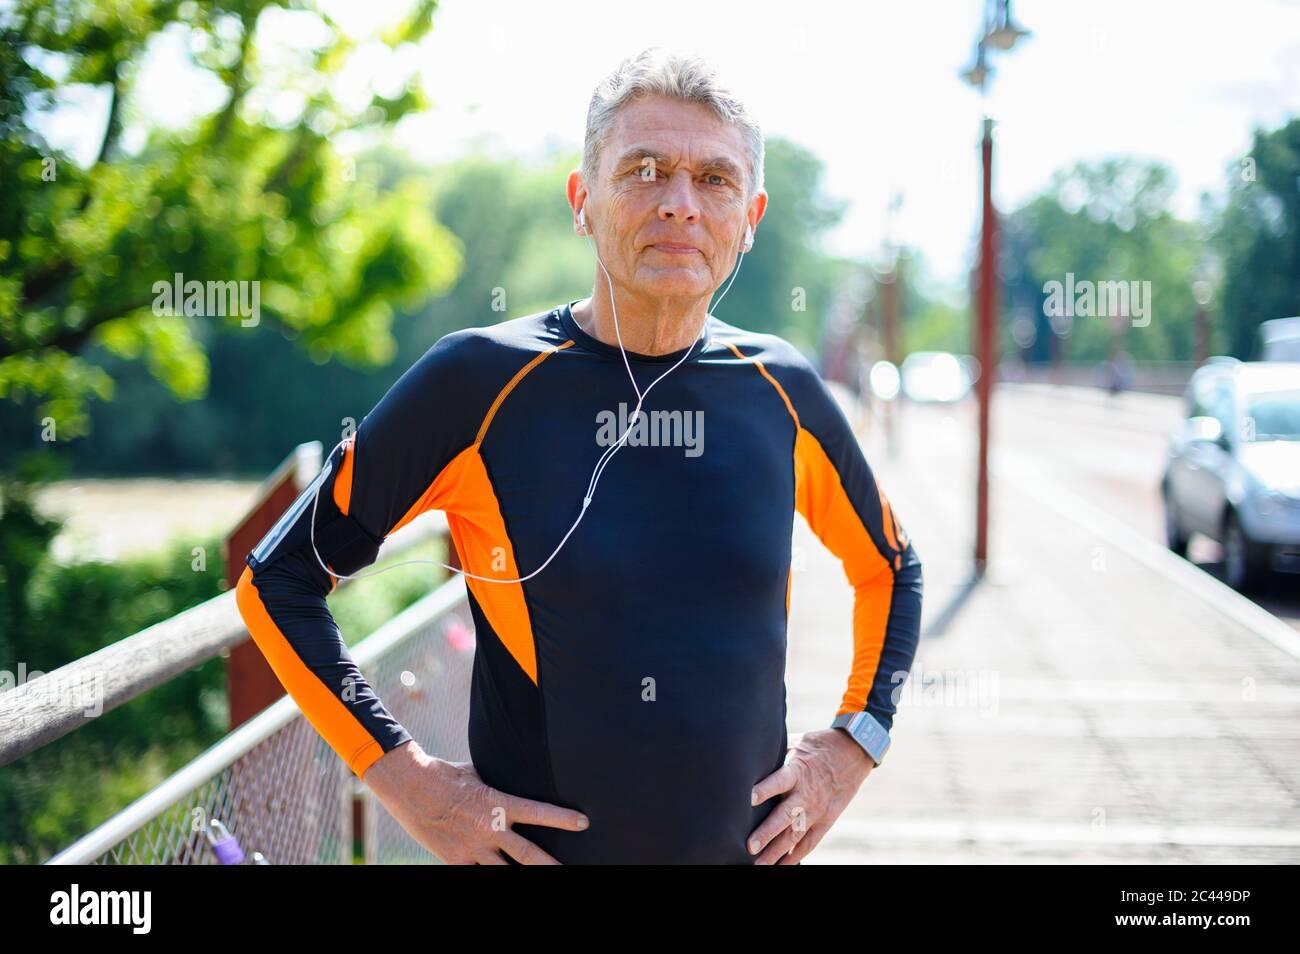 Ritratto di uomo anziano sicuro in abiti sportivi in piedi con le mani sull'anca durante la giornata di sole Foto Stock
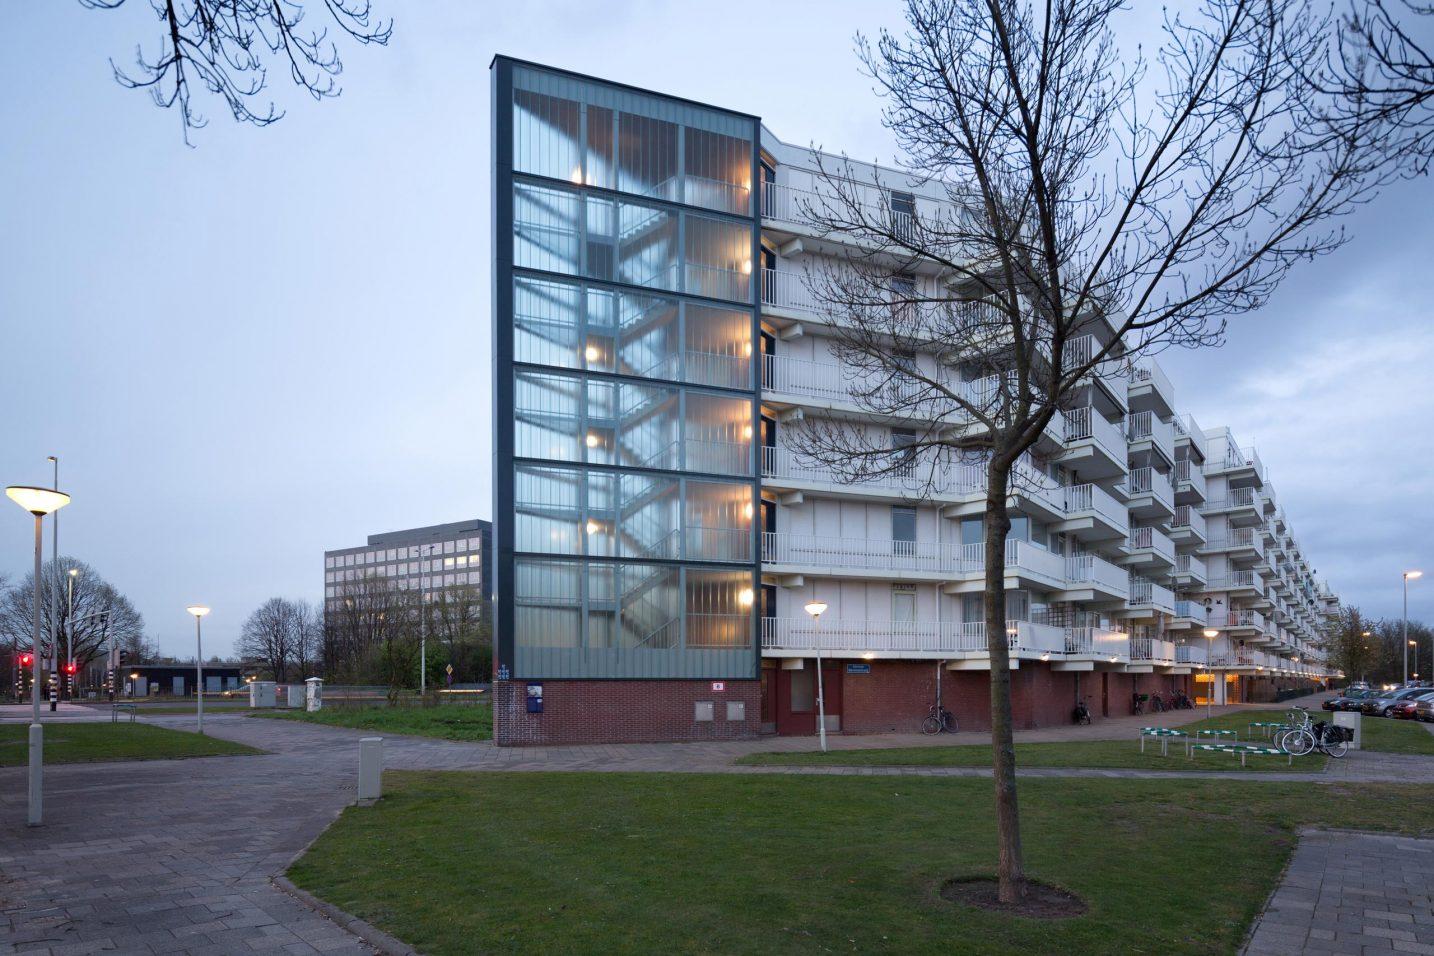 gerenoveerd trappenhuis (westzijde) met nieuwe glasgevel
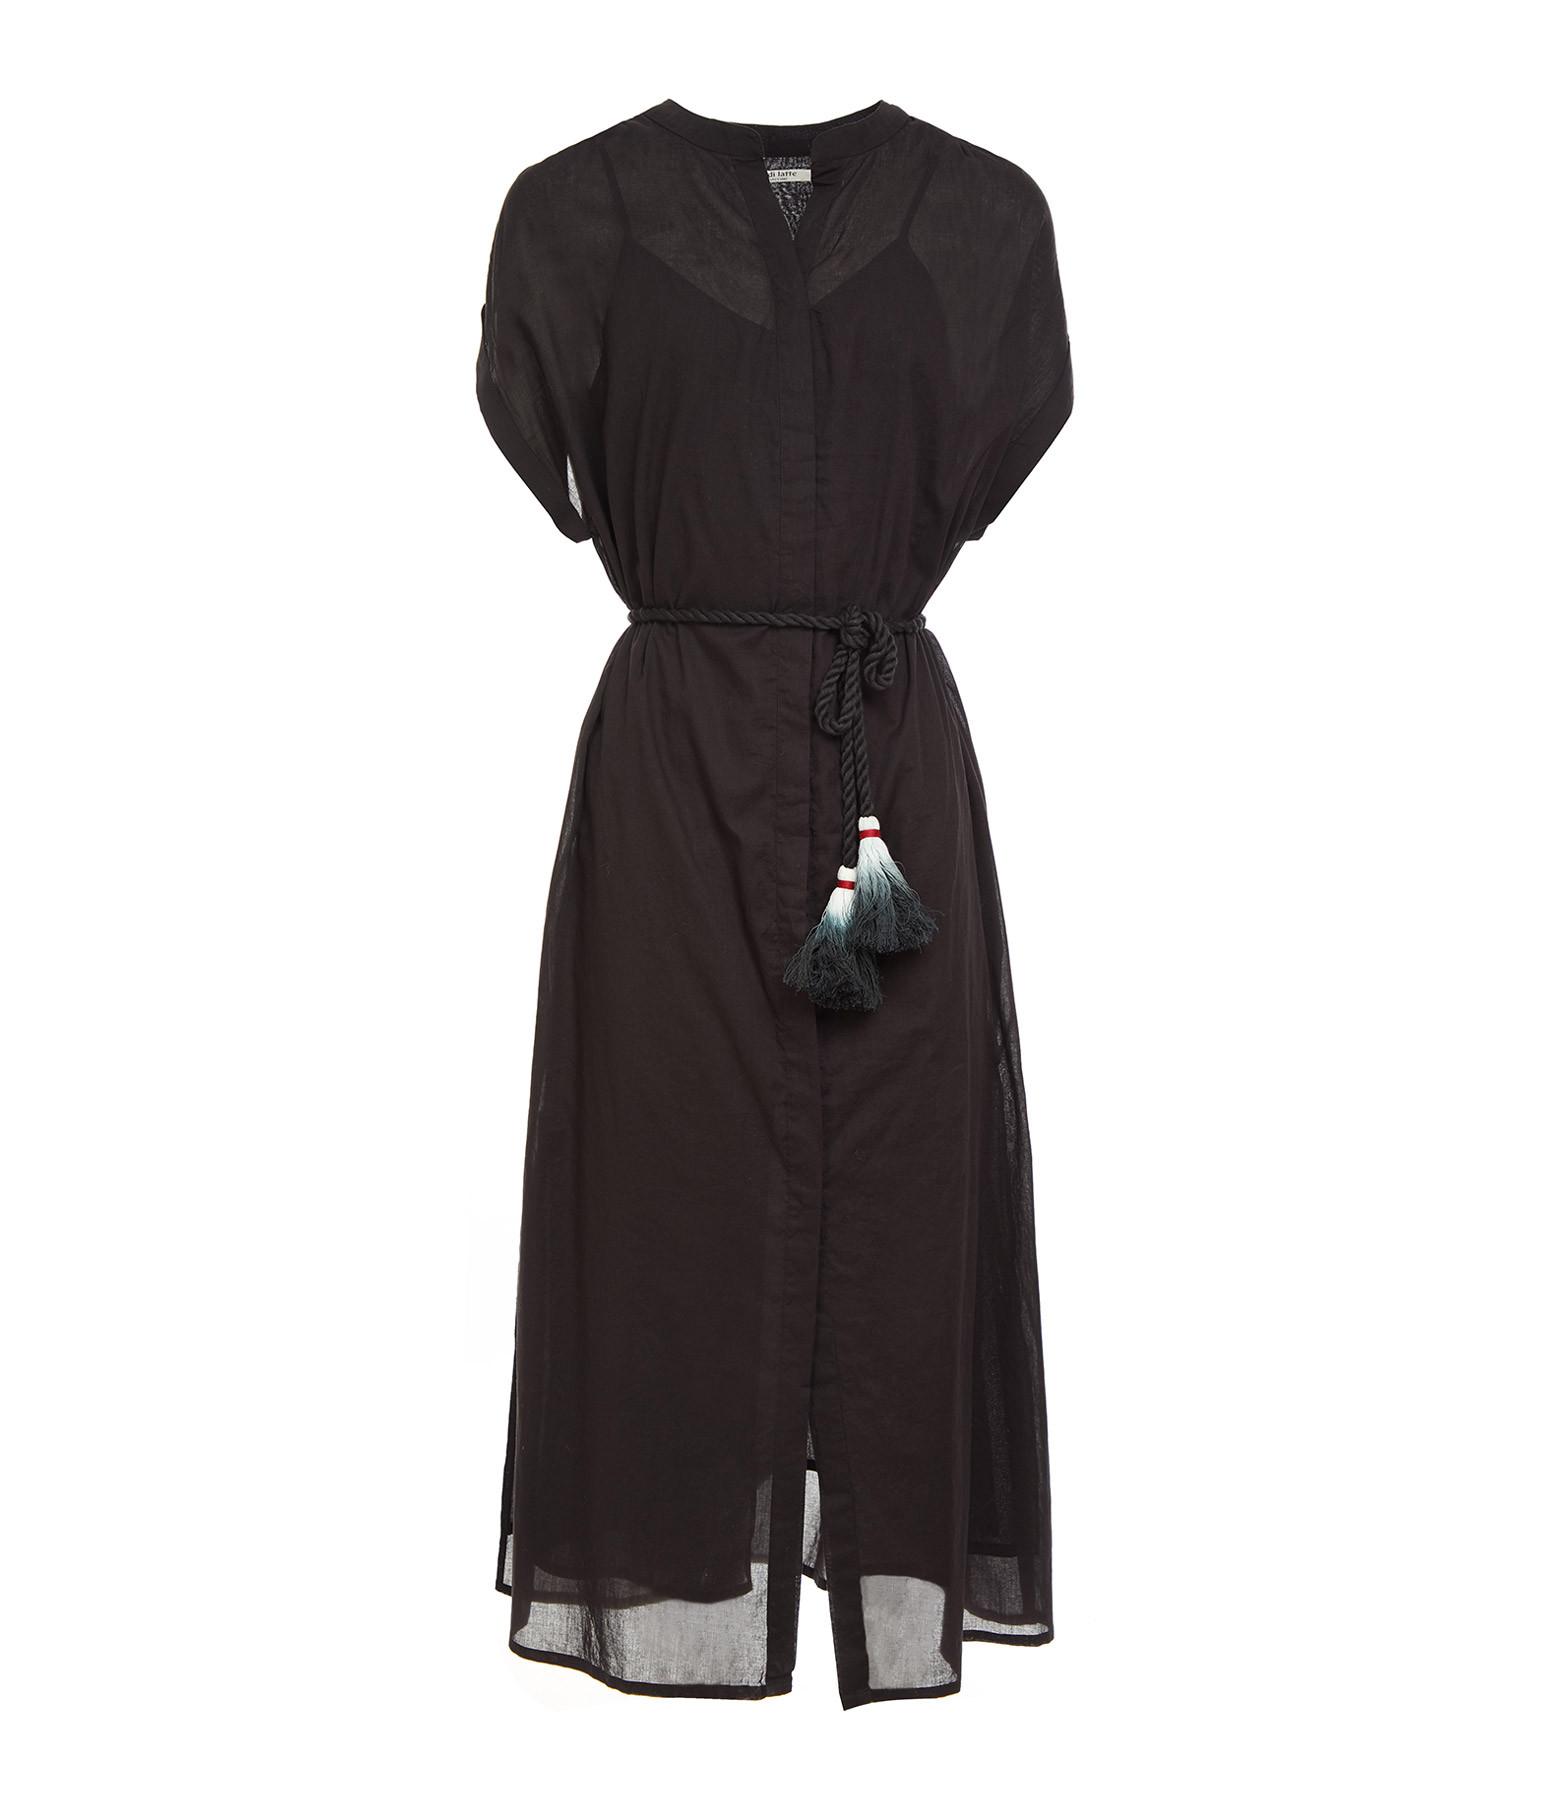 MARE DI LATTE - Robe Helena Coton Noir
==*==
◆ **Brief**
Give back the material above exactly, but without its images.

◆ **Task answer**
 Ritratto di uomo anziano sicuro in abiti sportivi in piedi con le mani sull'anca durante la giornata di sole Foto Stock
 gerenoveerd trappenhuis (westzijde) met nieuwe glasgevel
 MARE DI LATTE - Robe Helena Coton Noir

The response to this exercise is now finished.